Тодд был трансгуманистом, полноправным членом «Алькора». В кончик безымянного пальца его левой руки был вживлен имплантат, который при помощи мягких вибраций позволял ощущать электромагнитные поля. Внешне Тодд как будто сочетал в себе несколько личностей: большая деревенская борода, розовые волосы, сандалии, педикюр с черным лаком.
Он сказал, что люди, которые работали с ним, знали о его долгосрочных планах в полной эмуляции мозга, но повседневные дела компании были посвящены более насущным вопросам. Так уж получилось, заключил он, что технологии, которые в итоге окажутся полезными для сканирования мозга при его эмуляции, уже сейчас востребованы в медицине – например, при диагностике рака.
– Как я вижу это, – объяснял он, – загрузка разума не является движущей силой отрасли, но отрасль нуждается в изучении загрузки. Есть много областей, которые не имеют ничего общего с загрузкой сознания, но стимулируют развитие технологий, которые будут использоваться для загрузки. Подобно полупроводниковой промышленности, в которой была разработана технология мелкозернистого фрезерования и оценки его показателей, а также электронным микроскопам, которые будут полезны для 3D-реконструкции нейронов с высоким разрешением.
Любопытно, что Тодд не испытывал дискомфорт, обсуждая загрузку сознания, но и не поднимал эту тему на деловых встречах. Он рассказал, что в Силиконовой долине мало людей, которые думают об этом на высоконаучном уровне, и еще меньше тех, кто работает над подобными проектами.
– Я знаю людей, которые исследуют загрузку сознания, – сказал он, – они делают это втайне, потому что боятся превратиться в изгоев научного сообщества, не получить финансирование, работу или продвижение по службе. А мне не надо скрываться. Я работаю на себя, и никто не выставит меня из офиса.
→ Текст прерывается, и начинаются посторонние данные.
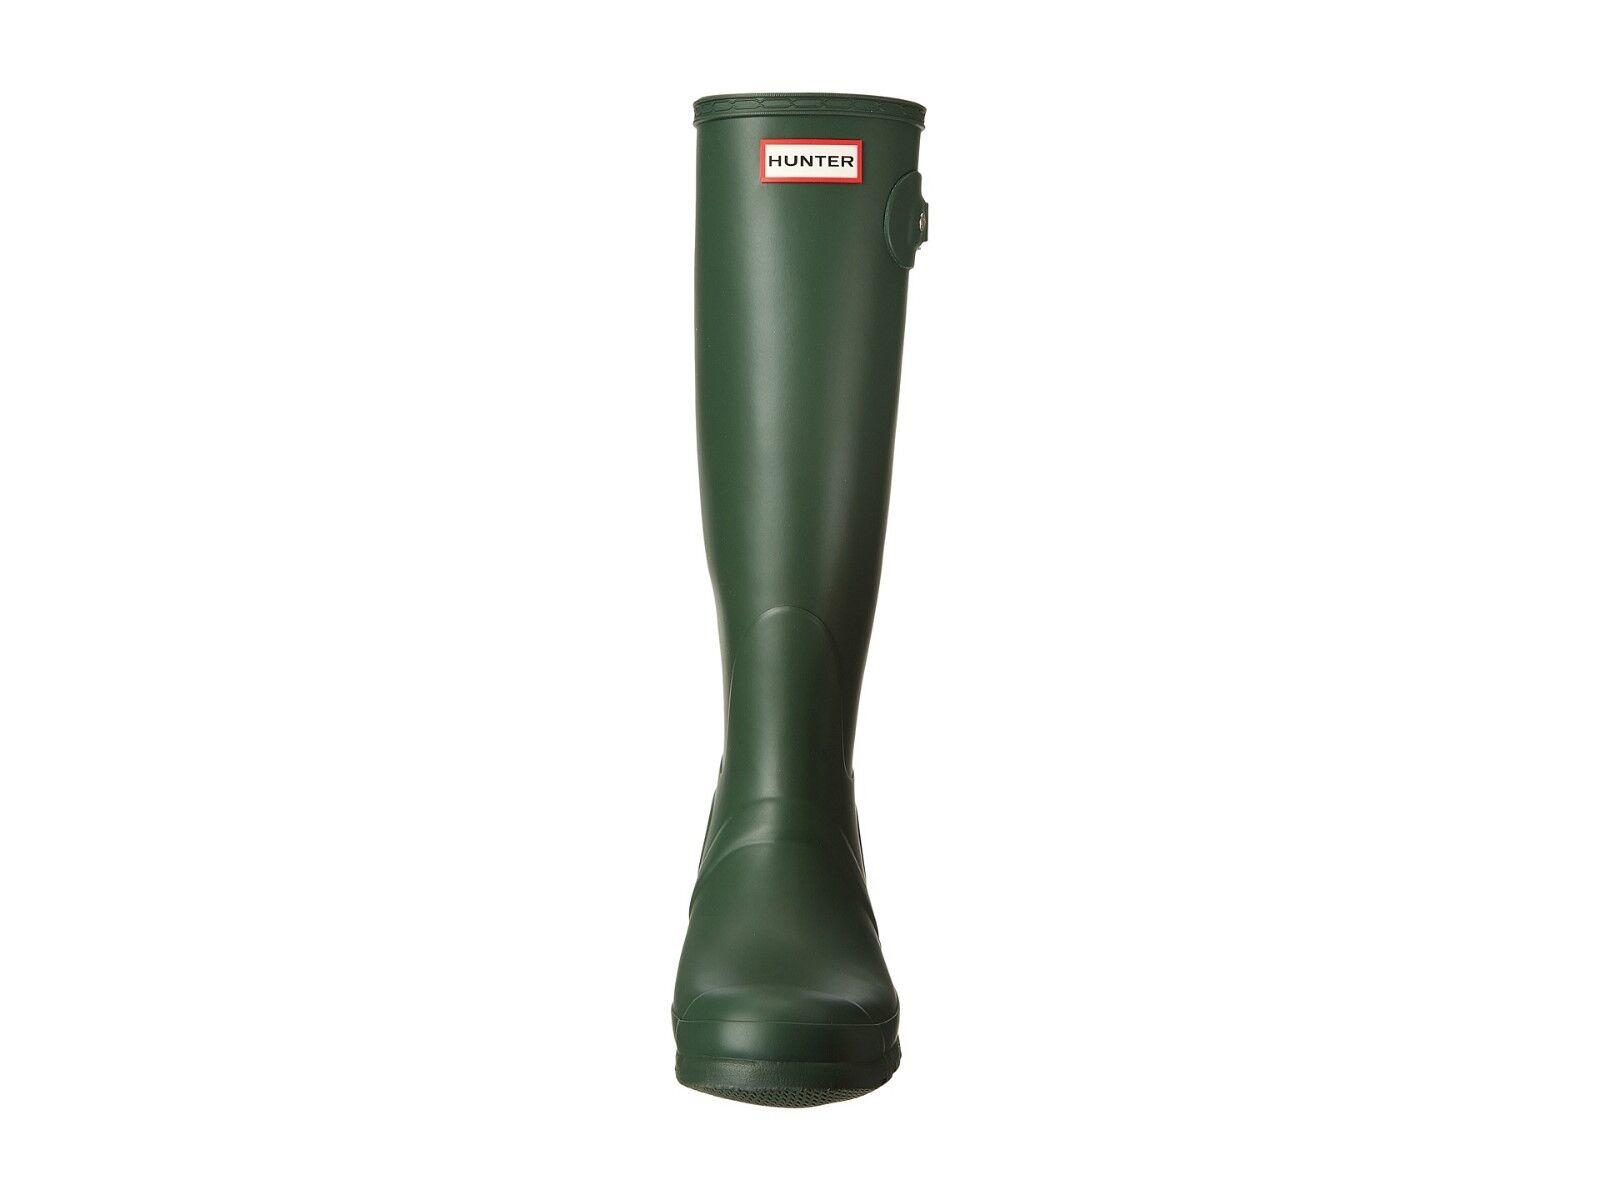 NEW Damenschuhe HUNTER Tall Grün Original RAIN Waterproof  Stiefel Matte Grün Tall  Größe 6 34534c

Он проводил меня в лабораторию, похрустывая костяшками пальцев, пока мы шли среди впечатляющих комплексов оптических и цифровых устройств, маленьких фрагментов мозга грызунов, нарочито разложенных, словно нейронные карпаччо, в стеклянных емкостях. Эти фрагменты были отсканированы при помощи 3D-микроскопов и оцифрованы в детализированную карту нейронов, их размеров, механизмов аксонов, дендритов, синапсов.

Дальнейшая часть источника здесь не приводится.